One of Ohio's liveliest annual meetings this year could be the one planned by Huntington Bancshares, Inc., scheduled this month in Columbus. Five family trusts and individual investors from five states holding a total of 4.2 million shares pushed a ballot proposal calling on directors to hire an investment-banking firm to sell the bank holding company or merge it into another bank.

The proposal, outlined in the firm's proxy statement, says that “existing management appears unable to generate consistent sustainable earnings or revenue momentum,” and it complains of special accounting charges and “excessive employee turnover.”

In the proxy, Huntington's management urged shareholders to vote against the proposal, noting that Thomas Hoaglin, the new president and CEO, “is a seasoned banking executive with a proven track record.” Huntington also sent letters to its employee shareholders pointing out that the dissident shareholders represent only 1.7 percent of Huntington's 261 million shares, and it asked the employees to “thoughtfully consider” the issue before voting.

At National City Corp.'s annual meeting this month in Cleveland, a stockholder who owns 384 shares plans a proposal urging directors to “either sell or seek a merger of National City Corp. with another financial institution with a proven record of accomplishments.” In the proxy, the unnamed shareholder noted: “I am more than displeased with the steady deterioration of the market value of my holdings.”

Management's response was that “National City periodically retains investment bankers and other third-party advisers to make presentations to the board of directors concerning strategies for maximizing long-term shareholder value.”

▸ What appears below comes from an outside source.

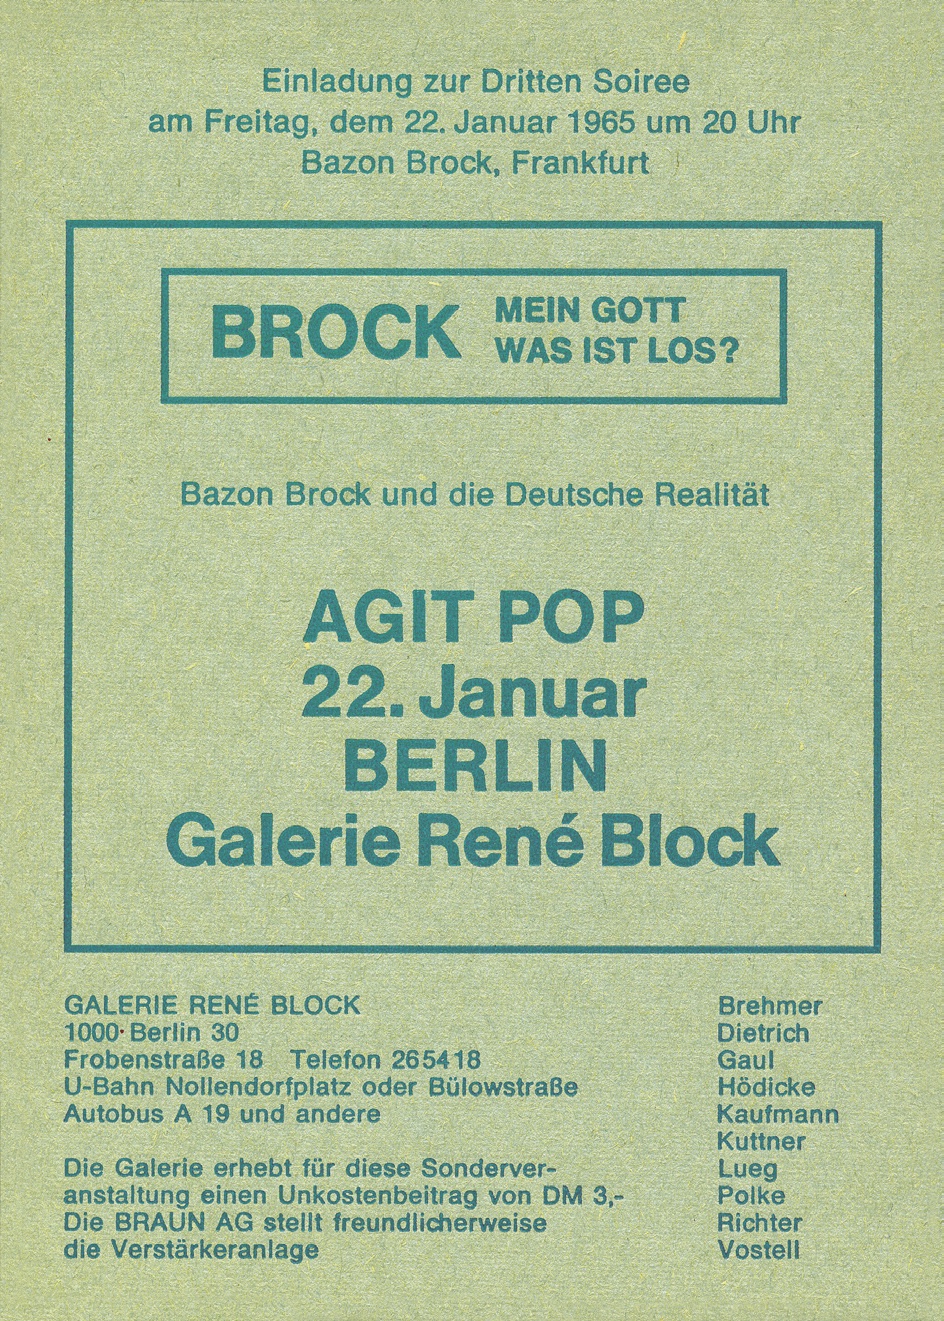 Mein Gott was ist los? | Agit Pop. Dritte Soirée in der Galerie René Block, Berlin 22.01.1965, Bild: Flyer.

A Colorado stockholder who owns 20,080 shares in KeyCorp asked shareholders at next month's meeting to vote for annual election of all directors rather than three-year staggered terms. In his proposal, he noted that 53 percent of Key's shareholders voted for the proposal last year, but the board “failed to recognize this mandate from its owners.”

Key's management urged shareholders to vote against the proposal, saying that the company needs long-term strategic planning and that electing directors by “classes” is a common practice that has been adopted by many companies, including 19 of 25 major regional banks and 63 percent of the firms making up the Standard & Poor's 500.

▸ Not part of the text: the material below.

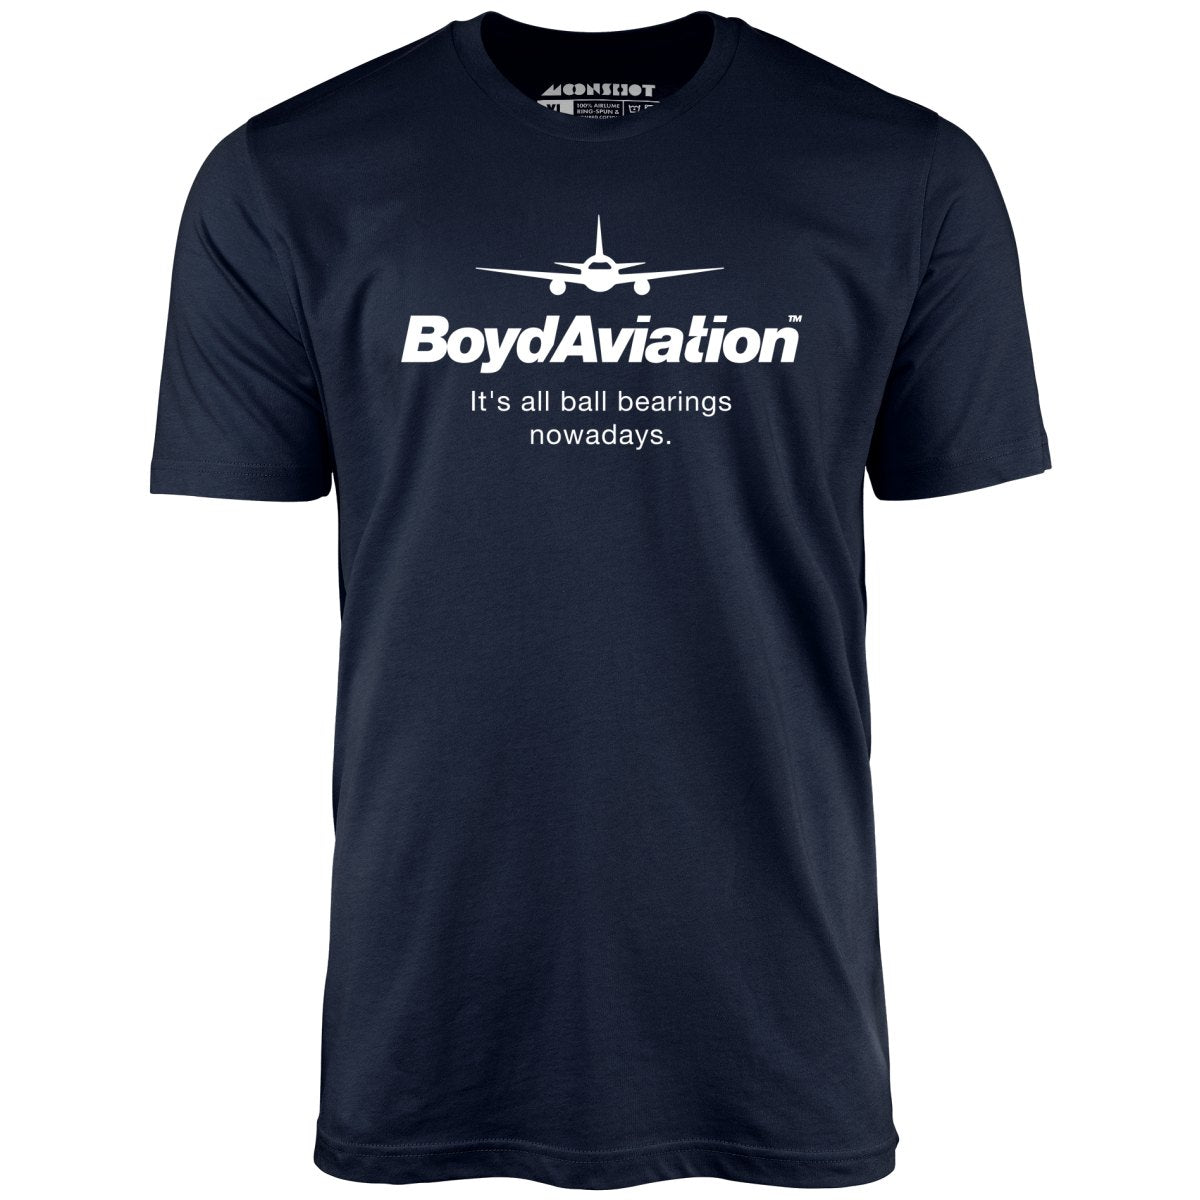 Boyd Aviation - Unisex T-Shirt

An area company facing that same issue is Cooper Tire & Rubber Co., whose annual meeting is in Findlay next month. A ballot proposal urges the board to replace three-year terms with annual elections for all directors. The proposal notes that a similar resolution passed two years ago but was not acted on.

However, Cooper responded in the proxy statement that more than 80 percent of shareholders approved the firm's bylaws that call for staggered board elections and that “a classified board will deter attempts to acquire control of the company.”

Dana Corp.'s shareholders will vote on the CERES principles, named for the Coalition for Environmentally Responsible Economies and aimed at energy conservation and environmental restoration.

“This is one of those things that come up every year,” said Gary Corrigan, Dana's director of corporate communication, adding that the measure is likely to receive only a small percentage of shareholder votes.

Many of Dana's shareholders will vote by phone rather than attempting to go to the lightly attended meeting in Richmond. Some other area firms also allow their shareholders to vote via Internet as well as the telephone. Among them: Owens-Illinois, Inc.; Cooper Tire; La-Z-Boy, Inc.; and First Defiance Financial Corp.

The accounting firm of Ernst & Young predicts in its recently published 68-page booklet Subjects of Interest to Shareholders that “shareholders are bound to ask about the company's current Internet presence and e-commerce plans for the future.”

Steve Staelin, managing partner in Ernst & Young's Toledo office, agreed. “I continue to believe that e-commerce is a major issue,” he said.